Introduction
An employee that was about to leave on a business trip was approached by a colleague who mentioned that she had been able to report personal costs as business-related expenses in her report.
Main body
Ron Bush received information from a colleague before he was due to go on a business trip regarding expense reporting. The colleague reported that she had gone on a business trip with her husband recently and had decided to stay an additional weekend. She had included the costs of the weekend, which included food, beverages, and entertainment, into her expenses report, which was approved by her manager. Bush notes that this goes against the rules set in the employee handbook, and such reports must only include business-related expenses.
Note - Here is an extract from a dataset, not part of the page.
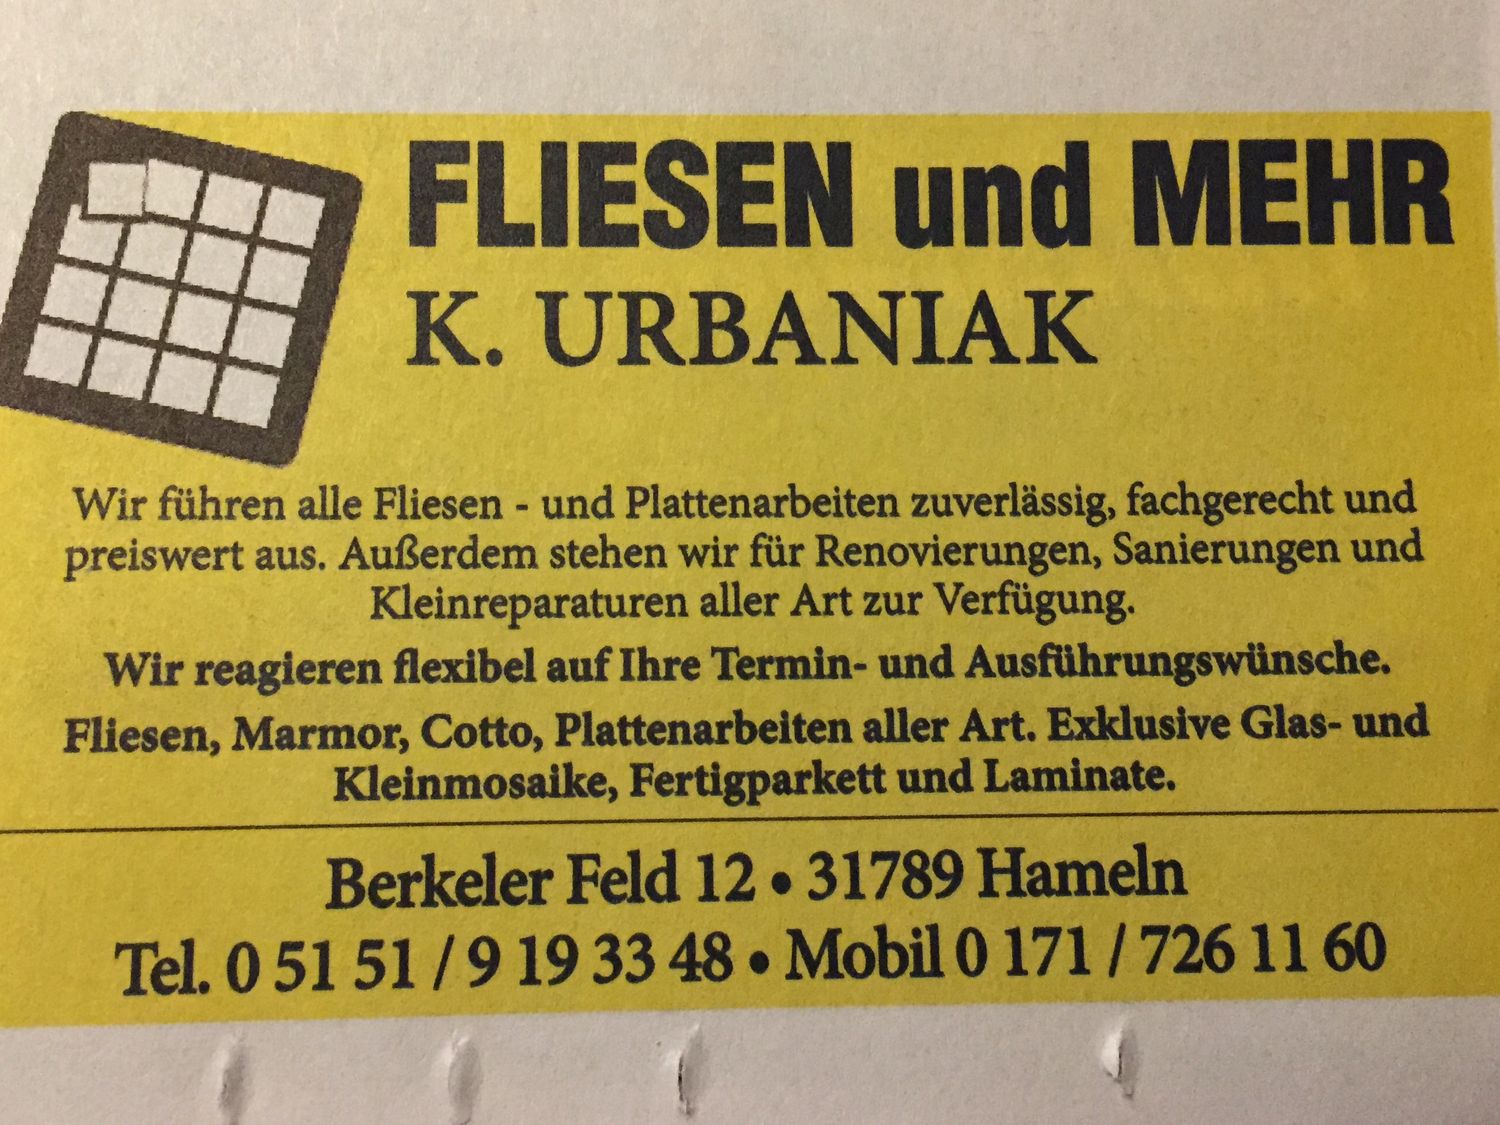 Urbaniak Klaus - Fliesen und mehr! - 1 Foto - Hameln Wangelist - Berkeler  Feld | golocal

However, the colleague argues that the additional weekend did not change the flight cost that the company had already paid for and that she was deserving of recreation due to her long hours of work. During the business trip, Bush takes to Washington, he and his wife also spend a weekend for recreational purposes, and Bush saves all the receipts from those two days. He debates whether or not to submit the non-business-related costs with the expenses report.
It is recommended that Bush not include the weekend costs within the expenses report. It goes directly against the rules described in the employee handbook, which is something Bush is aware of. Though punishing the colleague after her incident may be unnecessary, it would be vital to discuss the situation with her manager in order to not let such oversights occur once again. Additionally, in order to not single out the colleague, it would be beneficial to collectively review the policy of expense reports either through a meeting or memo. If such incidents of inaccurate expense reports were to become widespread, they would have a number of negative consequences.
Some of these consequences include inaccurate expense tax deductions, the wrongful application of the term ‘business-related expenses,’ and misuse of company resources. Living, personal, and family expenses are not deducted from employees, and adding non-business-related costs to expenses reports can influence the taxation of employees if the sums become substantial (Internal Revenue Service, 2021). If the colleague or Bush spread the misinformation that managers can approve non-business-related expenses within reports, certain individuals may abuse this and wrongfully ascertain certain costs or goods as being business-related. This may lead to the misuse of company resources and capital, and when either may become necessary, the shortage may affect the firm’s operations or welfare. Due to these consequences, it is essential that no further incidences of false expense reporting occur.
Conclusion
In summary, Bush was given an opportunity to report personal costs as business expenses after a trip related to the company’s operations. This thought was incited by a colleague that has done similarly and met no protests from her manager.
Despite this, it is important that employees understand the ways in which false expense reporting may affect their and the company’s welfare. While punishing incidences that have already occurred, any future actions in a similar direction may have consequences, either through warnings, demotions, wage deductions, or termination of employment in severe cases. To avoid this, it is vital to inform employees on the correct procedures of expense reporting. In spite of the serious issues such misreporting may cause the company, the firm would prefer to prioritize their employee’s well-being, time, and reporting proficiency and limit adverse consequences that directly affect them.
Reference
International Revenue Service. (2021). Deducting Business Expenses. IRS. Web.